Now I shall explain pessimistic locking using these tools and the Java Persistence Architecture (JPA), which is really pretty simple. The JPA does not specify direct support for this. It has separate find() and lock() methods of the EntityManager. One could do this:
public Object findAndLock(EntityManager em, Class c, Object key) {
Object e = em.find(c, key);
em.lock(e);
return e;
}
This is pretty good, but it's only approximation of an atomic find-and-lock method. In a system with high concurrency, we will encounter JPA OptimisticLockExceptions. Let us presume we have an application with a legacy data layer (not JPA) that has this high concurrency, and let us also presume that we cannot remove all of this concurrency. (Often I find the serenity prayer is useful for constrained design.) The problem above is that the find() loads the row before we lock() it. If another thread also tries to find() and then lock(), only one can succeed, and the other will fail, either from the JPA locking rules defined in the JPA specification, or from the rules defined for SNAPSHOT isolation. The result of the failure is an exception, and the application code would have to retry the entire transaction, but that is one of the things we must accept we cannot change---not immediately anyway.
There is something we can do to avoid this race condition. We just have to do the lock() first rather than find() first. The lock() method takes an entity as a parameter, but we have a way out of the catch-22 because the entity need not be read from the database yet. The EntityManager.getReference() method gives us an object that looks like the entity we would get from find(), but the EntityManager.getReference() method can give us "an instance, whose state may be lazily fetched." So we use this code:
public Object findAndLock(EntityManager em, Class c, Object key) {
Object e = em.getReference(c, key);
em.lock(e);
return e;
}
The reference returned is a proxy instance created with java.lang.reflect.Proxy.newProxyInstance(). The proxy instance can return just the primary key from the entity reference that would have been passed to getReference(). That way the lock() method can get the entity key and lock the row for the entity without first loading it. This removes the race possibility and gives us true pessimistic locking.

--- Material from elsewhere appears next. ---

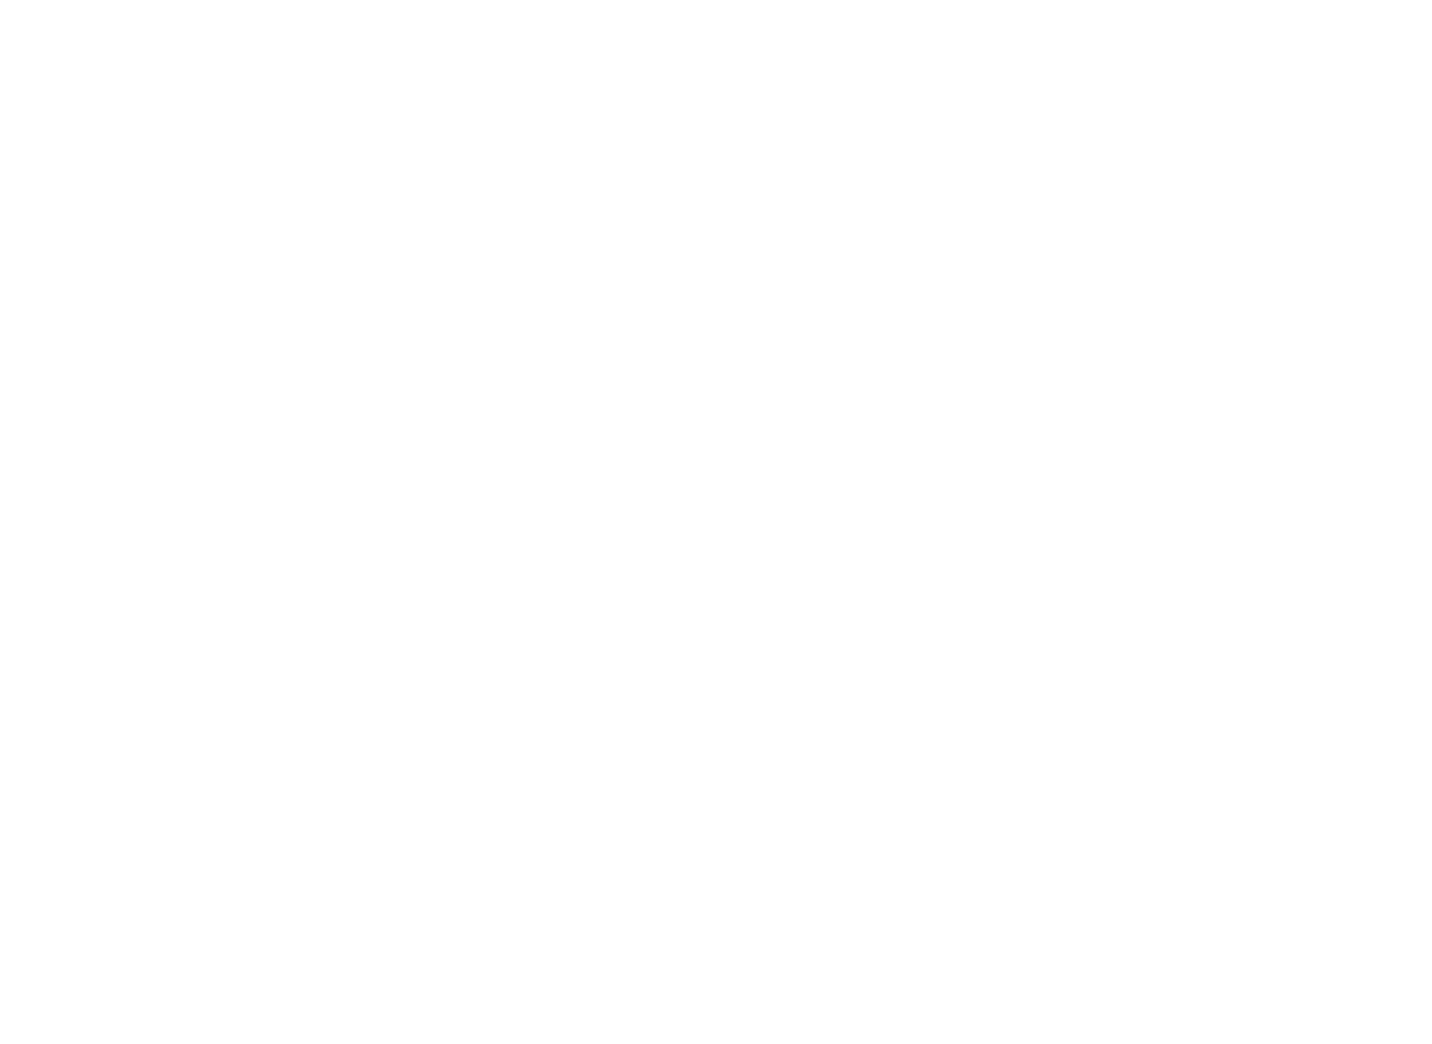 Профиль алюминиевый Flexy IZI KARNIZ2 05 для изготовления скрытых п-образных карнизных ниш с двумя пазами для установки штор и гардин с подсветкой: размер, вид, применение, способ монтажа в Беларуси (РБ)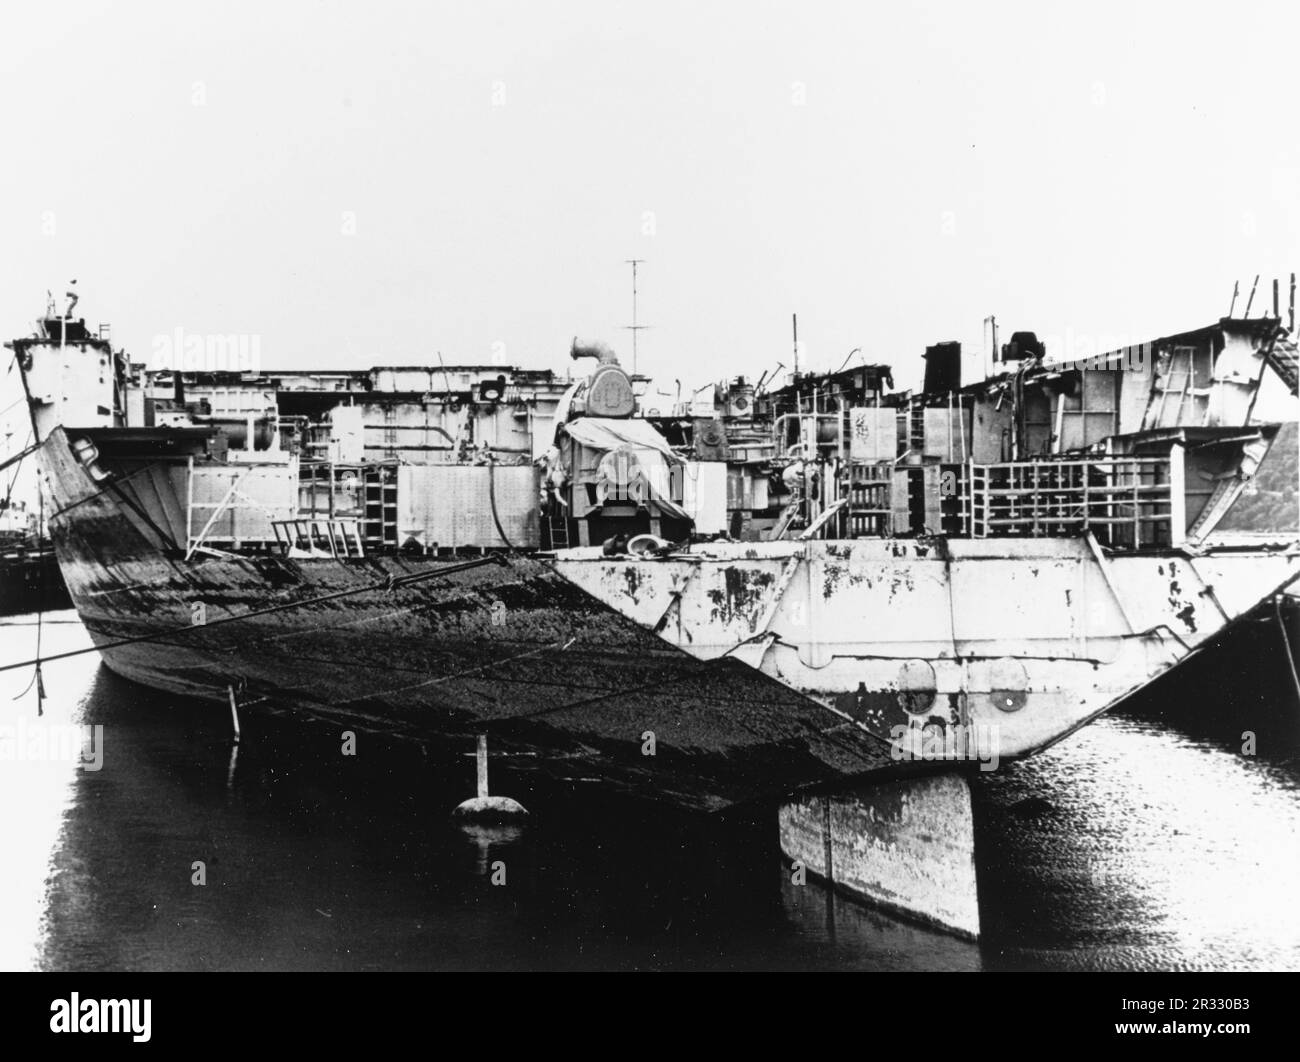 Das US-amerikanische Luftfahrtunternehmen der Essex-Klasse USS Bunker Hill (CV-17) wurde im April 1973 in Tacoma teilweise abgewrackt. Das Schiff wurde am 11. Mai 1945 in Okinawa durch zwei Kamikaze-Angriffe in einer Minute schwer beschädigt. Er griff voll betankt und bewaffnete Flugzeuge an Deck an und löste sehr gefährliche Brände aus. Obwohl das Schiff schwer beschädigt war, ging es nicht unter und kehrte zur Reparatur in die USA zurück. Das Schiff wurde 1966 stillgelegt und 1973 verschrottet. Stockfoto

I hope that some JPA implementations will offer a solution for pessimistic locking without requiring special API extensions. This solution is one that I've implemented in my own partial JPA implementation, and it works very well. I have not used any other JPA implementations or even Hiberrnate, so there may be a better way to do this. I have only see references to changing the transaction isolation level, and I hope what I have written explains why that is not a solution.